S. aureus biofilms kill dermal cells.

Histopathological examination of 1-, 4-, and 7-day uninfected explants showed mild changes in cell and nuclear morphology in the more metabolically active cells. These changes included mild vacuolation of myofibers in the tunica muscularis of arterioles, pyknosis and nuclear fragmentation of endothelial cells, and occasional small clusters of perivascular lymphocytes. In S. aureus-infected explants, the dermal architecture was diffusely intact; however, nearly all cells were hypereosinophilic. Nuclei were nearly completely absent, indicating widespread cell death (Fig. 4). There was no difference in cytotoxicity between 4- and 7-day biofilm-infected explants.

FIG 4.

Histopathological changes in 4-day S. aureus-infected dermal explants. (a) Uninfected explant; (b) S. aureus-infected explant. The arrow in panel a points to a fibroblast nucleus; no equivalent nucleus was present with infected dermal explant. An arrowhead highlights cellular detail in blood vessels in panel a, whereas the basophilic stippling associated with the vascular bundles in panel b appears to be nuclear debris. The double arrowheads in panel b point to biofilm on the explant surface.

S. aureus biofilms deplete oxygen in dermal tissue.
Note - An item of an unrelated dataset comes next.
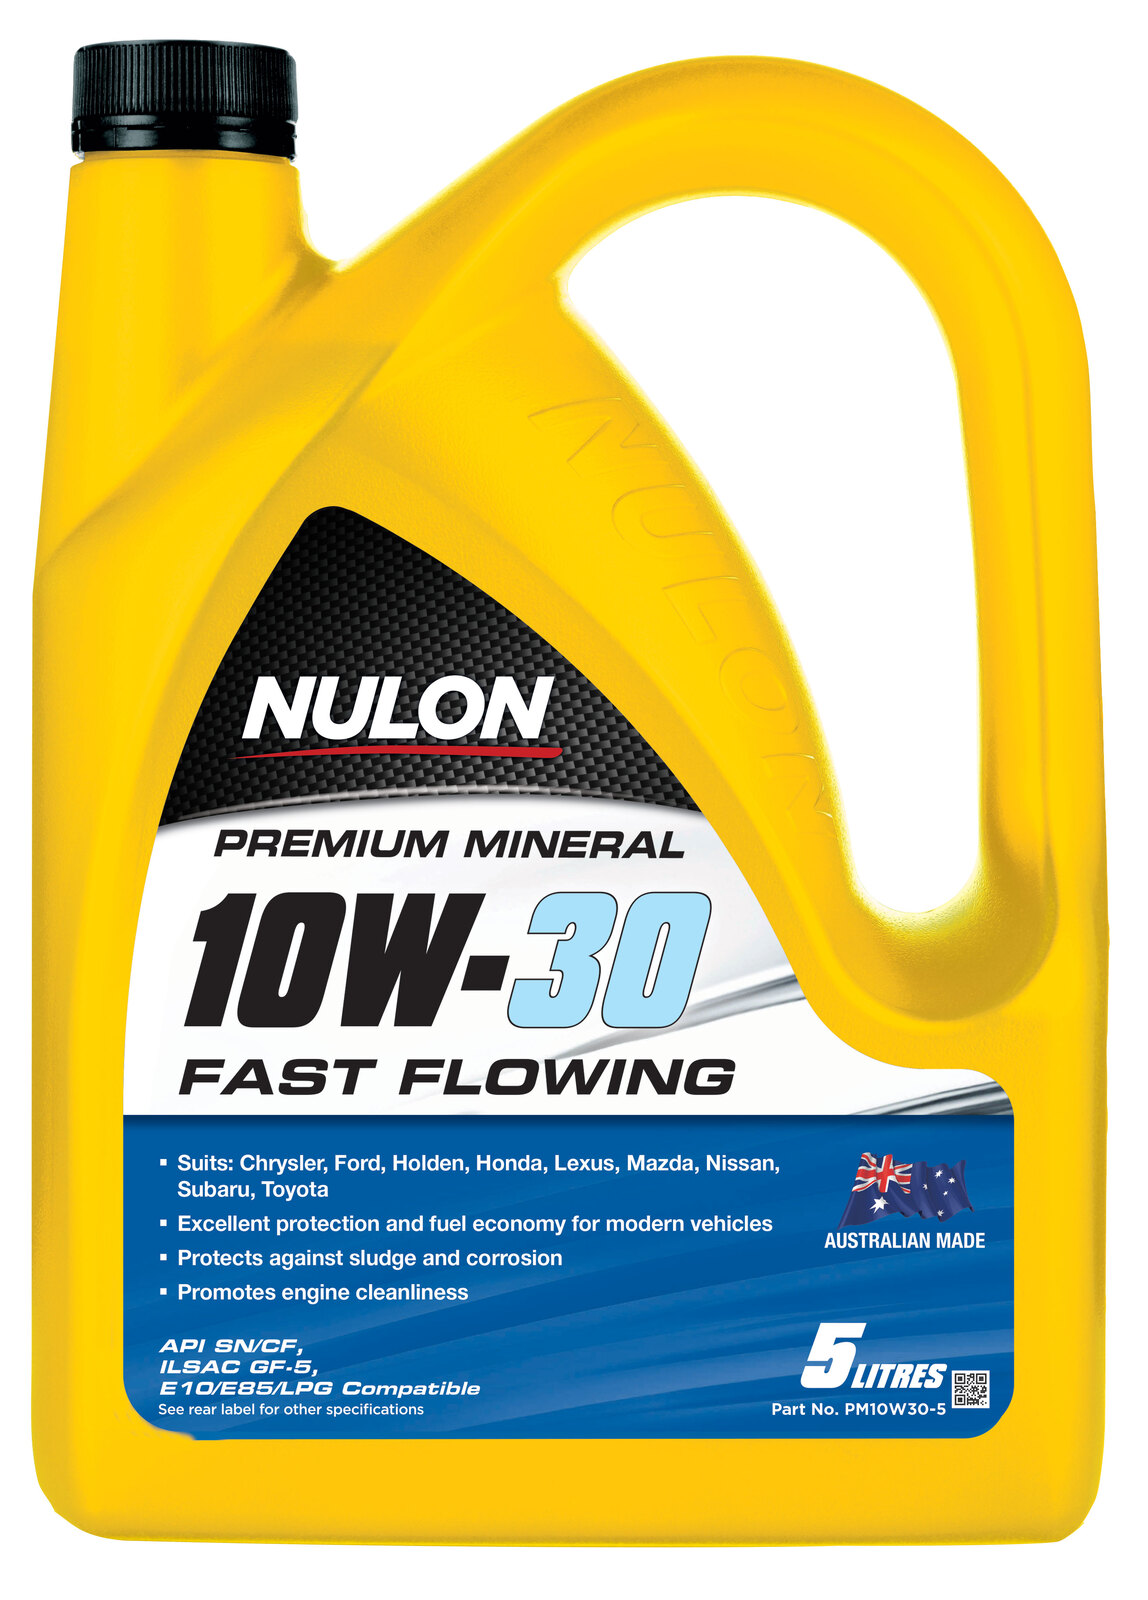 NULON Premium Mineral 10W30 Engine Oil 5L, Each

The lowest oxygen concentration (4.45 ± 1.17 mg/liter) was found in high-viability-score, 4-day, biofilm-free explants (Table 1), which corresponds to the approximate partial pressure of oxygen found in most tissues at the capillary level in a resting individual (32). The 7-day biofilm-free explants showed statistically nonsignificant increases in oxygen compared with 4-day explants. The explants with no viable dermal cells had statistically significant (P < 0.05) oxygen content (5.87 ± 0.73 mg/liter) compared with 4- and 7-day live dermal tissue (Table 1). With S. aureus biofilms growing on the top of explants, oxygen was depleted within the first 50 μm of depth, leaving no measurable oxygen in deeper parts of the biofilms or in the explants; a typical example is shown in Fig. 5 (this result was replicated independently three times). We found similar profiles for day 7 biofilms on explant (results not shown).

TABLE 1.

Oxygen content in uninfected control explants^a

Explant	Oxygen level (mg/liter)	Effective diffusion coefficient (mm2/s)
4 day	4.45 ± 1.17	2.32 × 10−3 ± 8.31 × 10−5
7 day	4.72 ± 1.12	2.41 × 10−4 ± 5.96 × 10−5
Deadb	5.87 ± 0.73*	2.32 × 10−3 ± 8.31 × 10−5

^aValues are means ± SD, calculated from multiple data points from oxygen and diffusion coefficient depth profiles of three different explants. Comparisons of oxygen content and diffusion coefficients were carried out using ANOVA (*, P < 0.05).

^bExplants were killed in 2% paraformaldehyde.

FIG 5.

Typical dissolved-oxygen depth profiles of uninfected and S. aureus-infected explants. The biofilm or explant superficial surface begins at 0 μm, and the increasing negative distance refers to the increasing depth within the explant tissue. No measurable oxygen is present deep inside the tissue explants.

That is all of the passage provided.